I wouldn't necessarily be able to say whether it'd be smaller, but it'd probably work. It works due to the air getting entrained in the liquid as it increases in pressure. So there shouldn't be a requirement that the air dissolve into the fluid or anything like that.
A very common failure mode for machines that use water is freezing. No information for the eventuality of the water becoming ice. Maybe they just won't sell these in freezing climates.
So by this same reasoning, adding a little water spray to the input of my air compressor, and a water seperator on the output, would reduce energy consumption since the water would absorb heat during the compression stroke making the compression closer to isothermal rather than adiabatic?
You would have to demineralize the water first or you are going to get deposits building up on the warm parts of the compressor (most of it) where the water evaporates on contact.
It would seem to be better to have a closed loop water cooling system around the compressor head, but this is a very rare feature. So many home compressors treat cooling like "LOL 5% duty cycle for you", it's pretty annoying. Most of the time the cooling fans aren't even running unless the compressor is squeezing air, so the whole thing just soaks in its own heat once the tank is full.

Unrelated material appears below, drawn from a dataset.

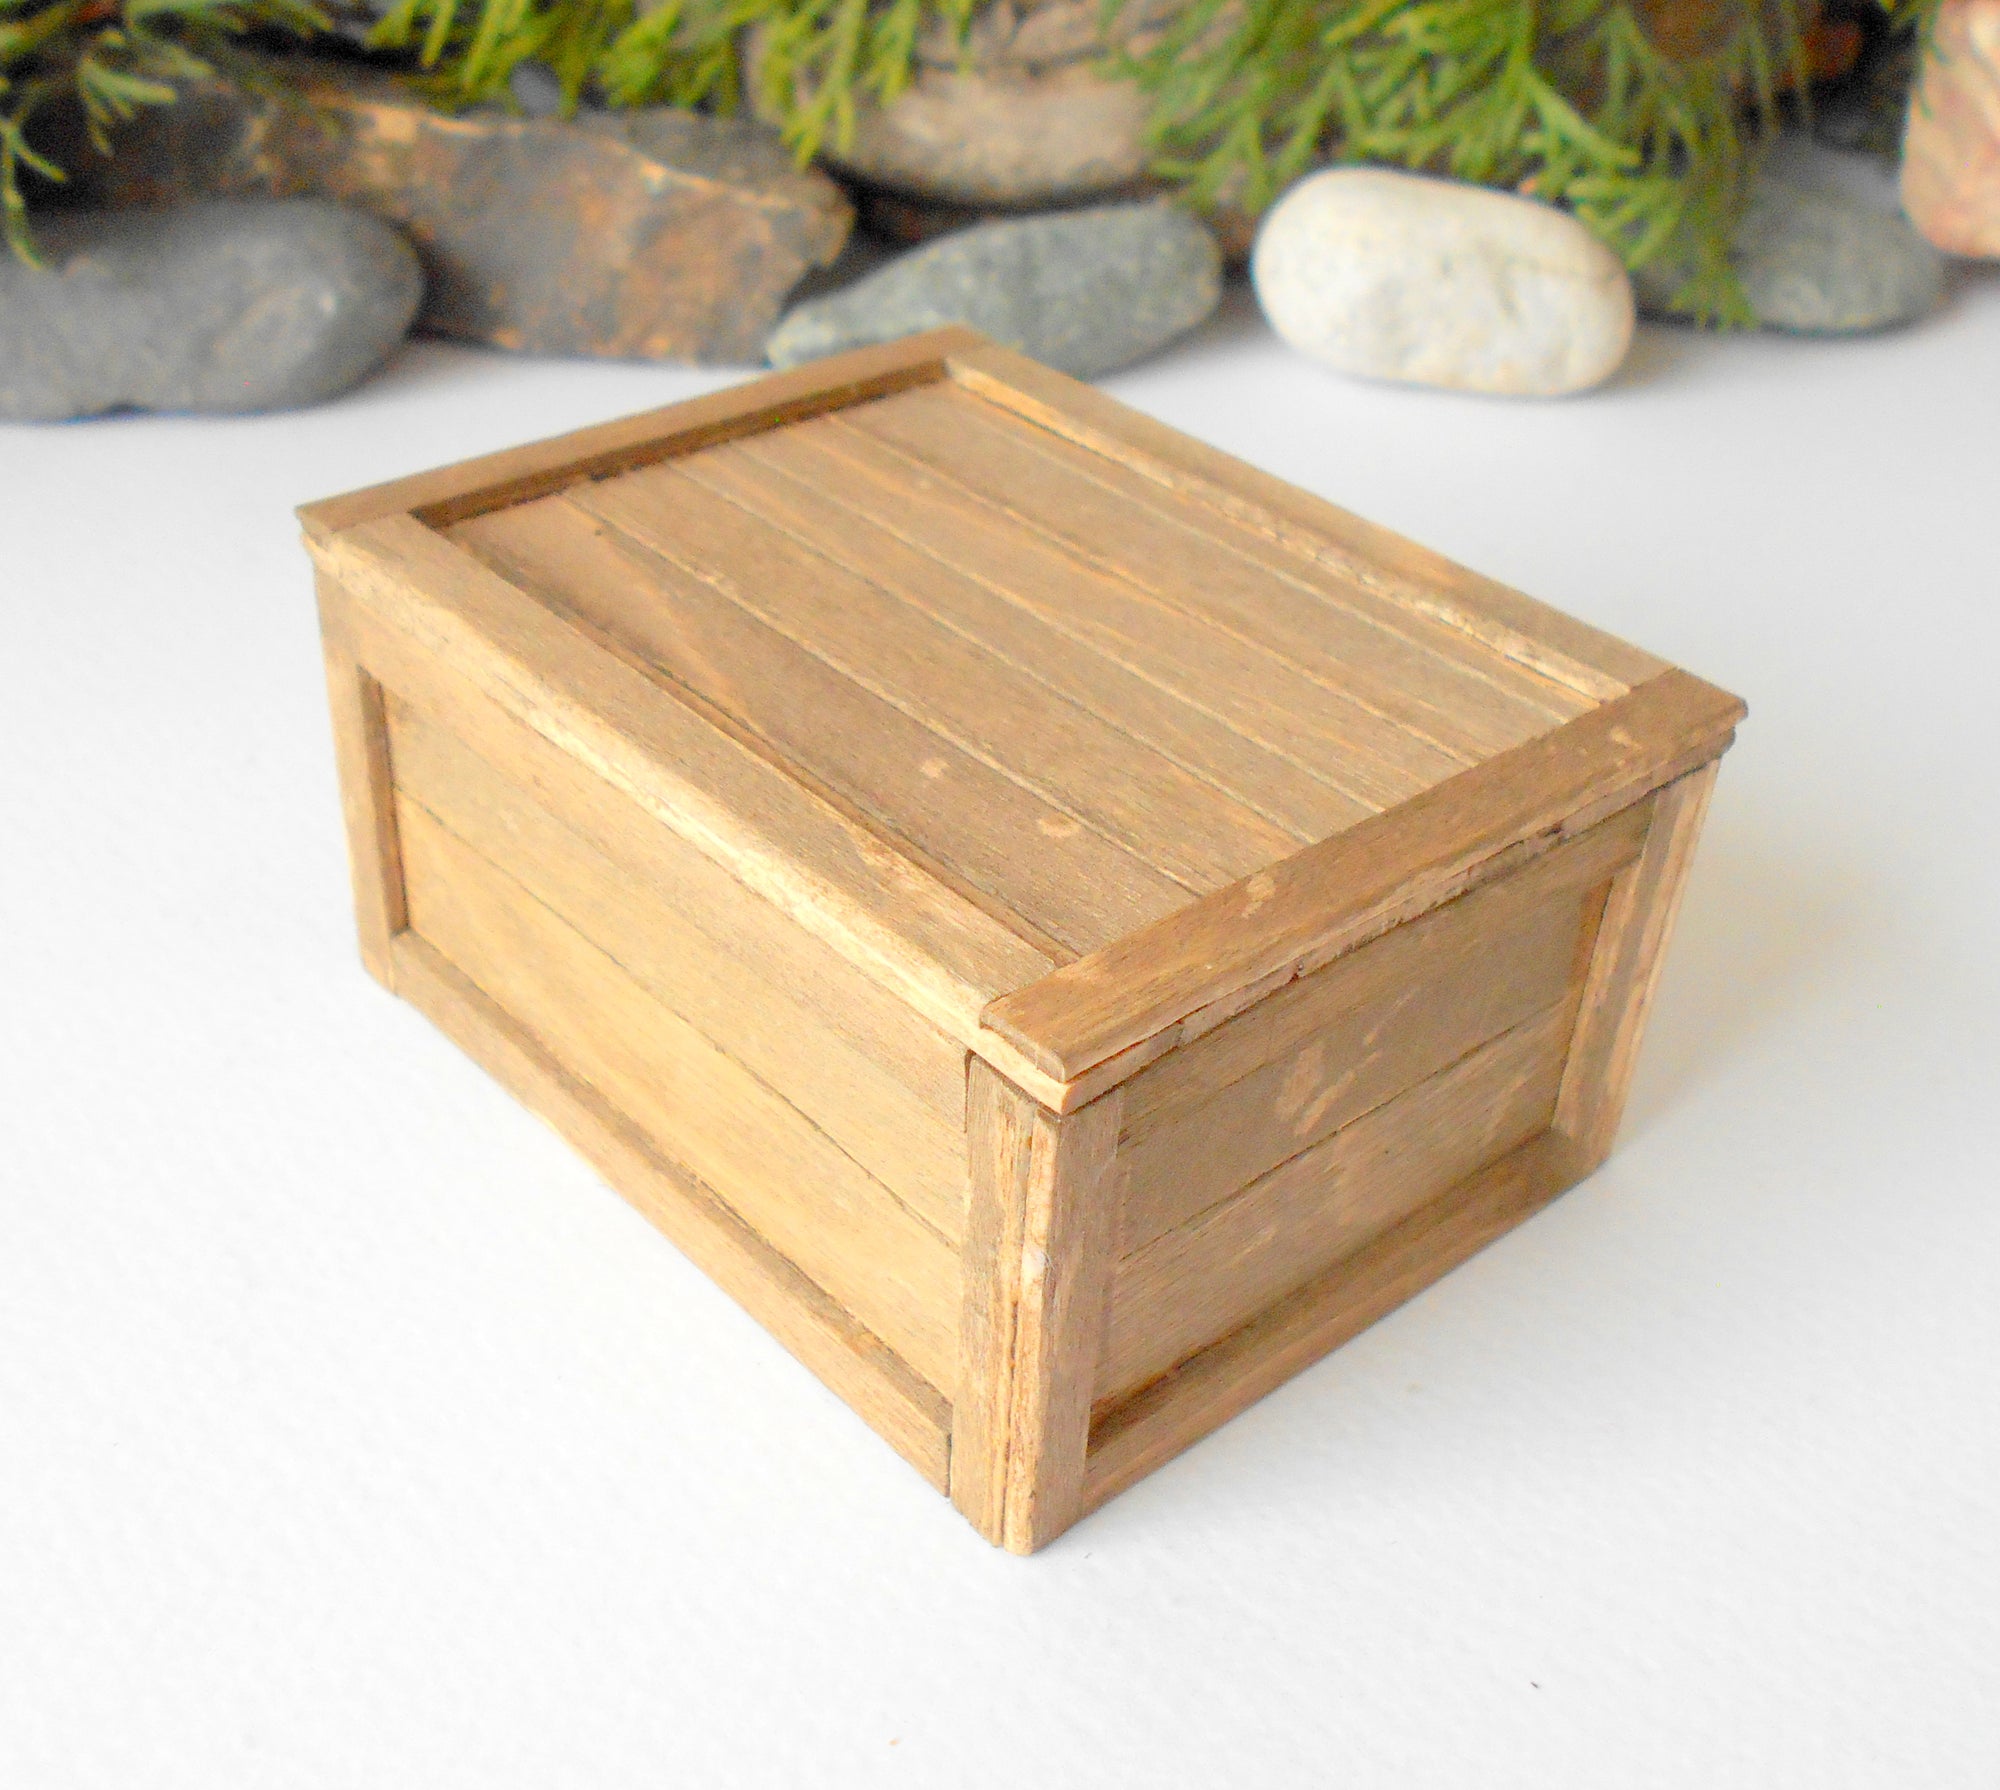 This is a miniature transporting box coffer that is approximately 1/12 in scale. The box coffer has 3 wooden boards in height and four boards in width on each side.<br data-mce-fragment="1">This is a listing to purchase one such miniature box like the one you see from the pictures. I have stained the box in light brown with an Italian eco-friendly mordant.&nbsp;

I'm more thinking cooling should theoretically ~halve the energy required to compress air...
For some industrial applications, electricity used to compress air is substantial, so there might be big cost savings to be had.
Even if you are pumping up bicycle tyres by hand there are benefits to cooling - by keeping the air cool, the same human muscle power can pump up twice as many tyres.
1. What is the dew point of the compressed air? Many applications using compressed air require very dry air so as to avoid corrosion issues (e.g., air tools) as well as problems related to heating of water vapor (e.g., tires). For small applications, the dew point is reduced using simple traps, silica gel beads, or molecular sieves, but for even-drier air or larger applications, refrigeration-based dehumidifiers are needed. If the use of water in the compression stage leaves the dew point significantly higher than what you get from reciprocating or Roots-type compressors, that added complexity could be a deterrent to adoption.
2. What's the energy efficiency of the process? Does the claimed "20% lower cost of ownership" account for the difference in efficiency (whatever it is)?
3. What sort of pressures can be achieved with a tabletop or shop-sized compressor? Presumably, this is related to the speed at which the drum is spun, but what are the practical limits?
I mean, I use a decent amount of very dry air at 300 bar (yeah...), and I'd love to replace the noisy beast of multi-stage compressor with something quieter and more efficient.